Let's go full Trottle
People sit up because if you didn't you would disappear, and likely left to die rot and fester in a dark hole.
 

sun rise

The world is on fire
Premium Member
It also praised the North Korean media showing how much it loves absolute dictators and hates free people with unalienable rights.

Donald Trump 'praises North Korean state media and says it is kinder than Fox News'
Trump 'praises North Korean state media and says it's even kinder than Fox News

Regime change starts this November. All who love freedom must vote against the current regime and all its minions. Freedom will win. Truth will win. Honesty will win.
 

fantome profane

Anti-Woke = Anti-Justice
Premium Member
I don’t know why people like Trump think dictators are strong. It takes much more strength, intelligence and talent to lead a democracy than it does to be a dictator. Kim Jong-un was given his position, he didn’t earn it. And the fact that he needed to kill family members to keep it does not speak well of his leadership skills.
 

Riders

Well-Known Member
I dont stand to attention when The Trump speaks, hes a thousand years old I just do this instead.

 

Sunstone

De Diablo Del Fora
Premium Member
I don’t know why people like Trump think dictators are strong. It takes much more strength, intelligence and talent to lead a democracy than it does to be a dictator. Kim Jong-un was given his position, he didn’t earn it. And the fact that he needed to kill family members to keep it does not speak well of his leadership skills.

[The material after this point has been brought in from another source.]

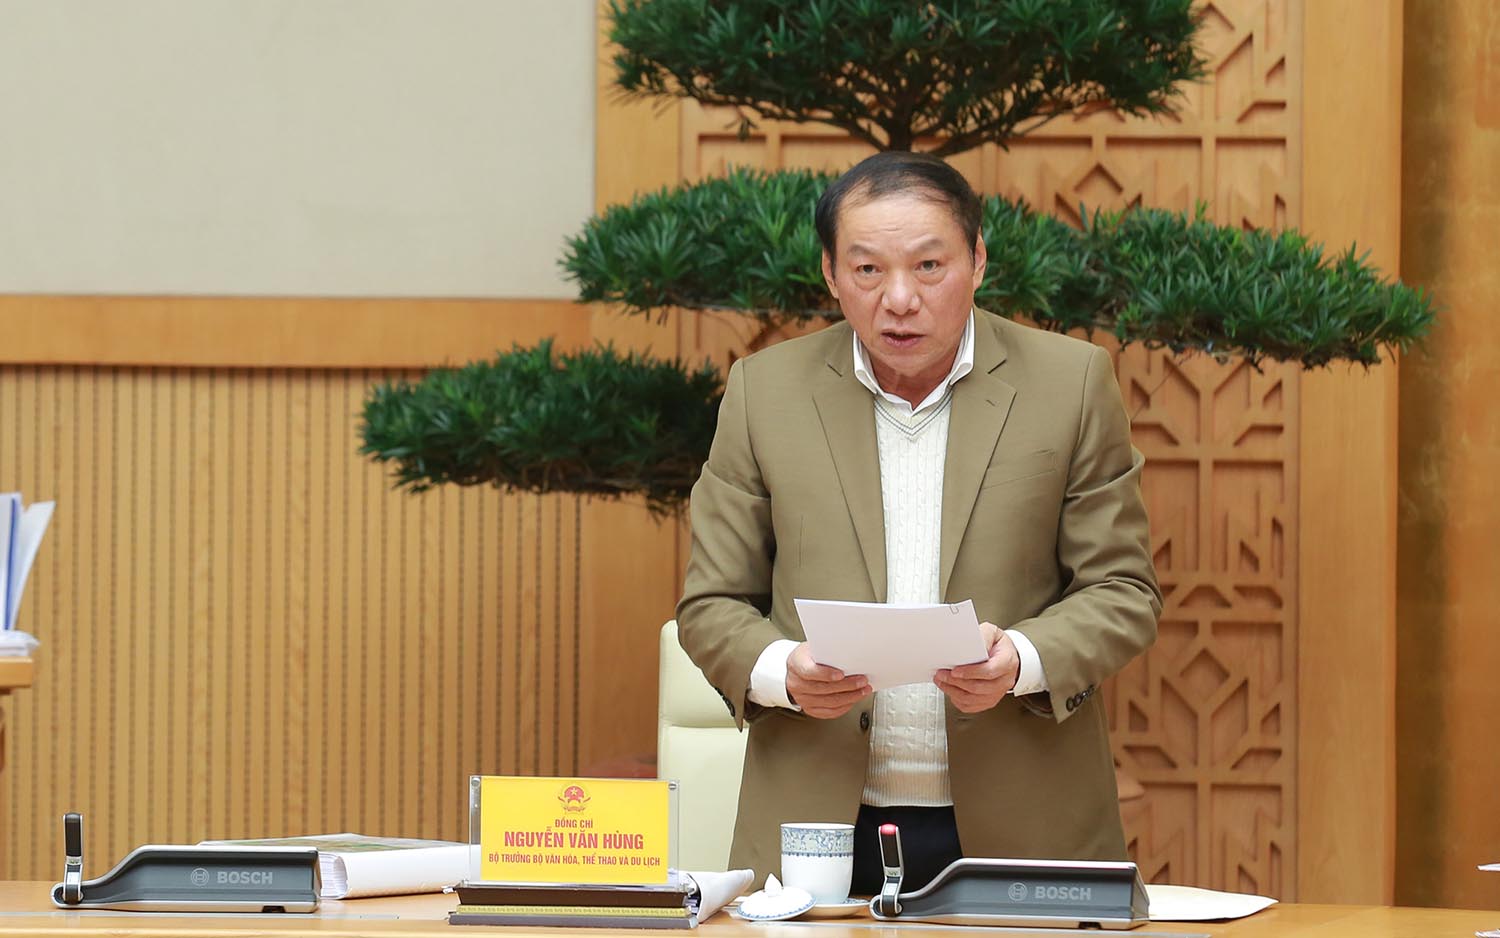 Bộ trưởng Bộ Văn hóa, Thể thao và Du lịch Nguyễn Văn Hùng phát biểu tại phiên họp. Ảnh: Diệp Trương

Excellent post! I think it's in large part a consequence of the often ignored, but quite obvious truth, that the most obvious things are often the most likely thinks to escape people's attention precisely because they are the most obvious. In other words, we too often think truths must appear difficult to see to us.

Beyond that, dictatorships necessarily propagandize their people's with nonsense such as "Under our system, we at last made the trains run on time", These things invariably turn out false under examination, but they are repeated so frequently and so loudly that they spill over into "neighboring" democracies and even become truisms there.

Also most people have little or no supervisor experience but more or less tend to think the military is the gold standard for leadership and organization. I mean, who is not broadly aware of how the military does it? The different major militaries in the world are overall arguably effective at managing things when compared to the challenges they are up against. Yet few people stop to question the obvious : Is a "machine" designed to grind other machines to pieces while being ground to pieces itself a good model for optimally organizing people to achieve goals like revenue growth, cost reduction, productivity gain, etc in a radically different environment than a military environment? For instance, does a civilian organization really need such firmly disciplined "troops" it can even take large numbers of casualties and still function? Or perhaps would a less ridged, less hierarchical, organization be more likely to boost people's moral, allowing them to be more easily inspired to perform their jobs, and consequently lead to gains in productivity?

I ran my business more along the lines of the latter than the former way, and my people measurably outperformed what I could discover of similar organization's performance's, especially in standard measures of productivity.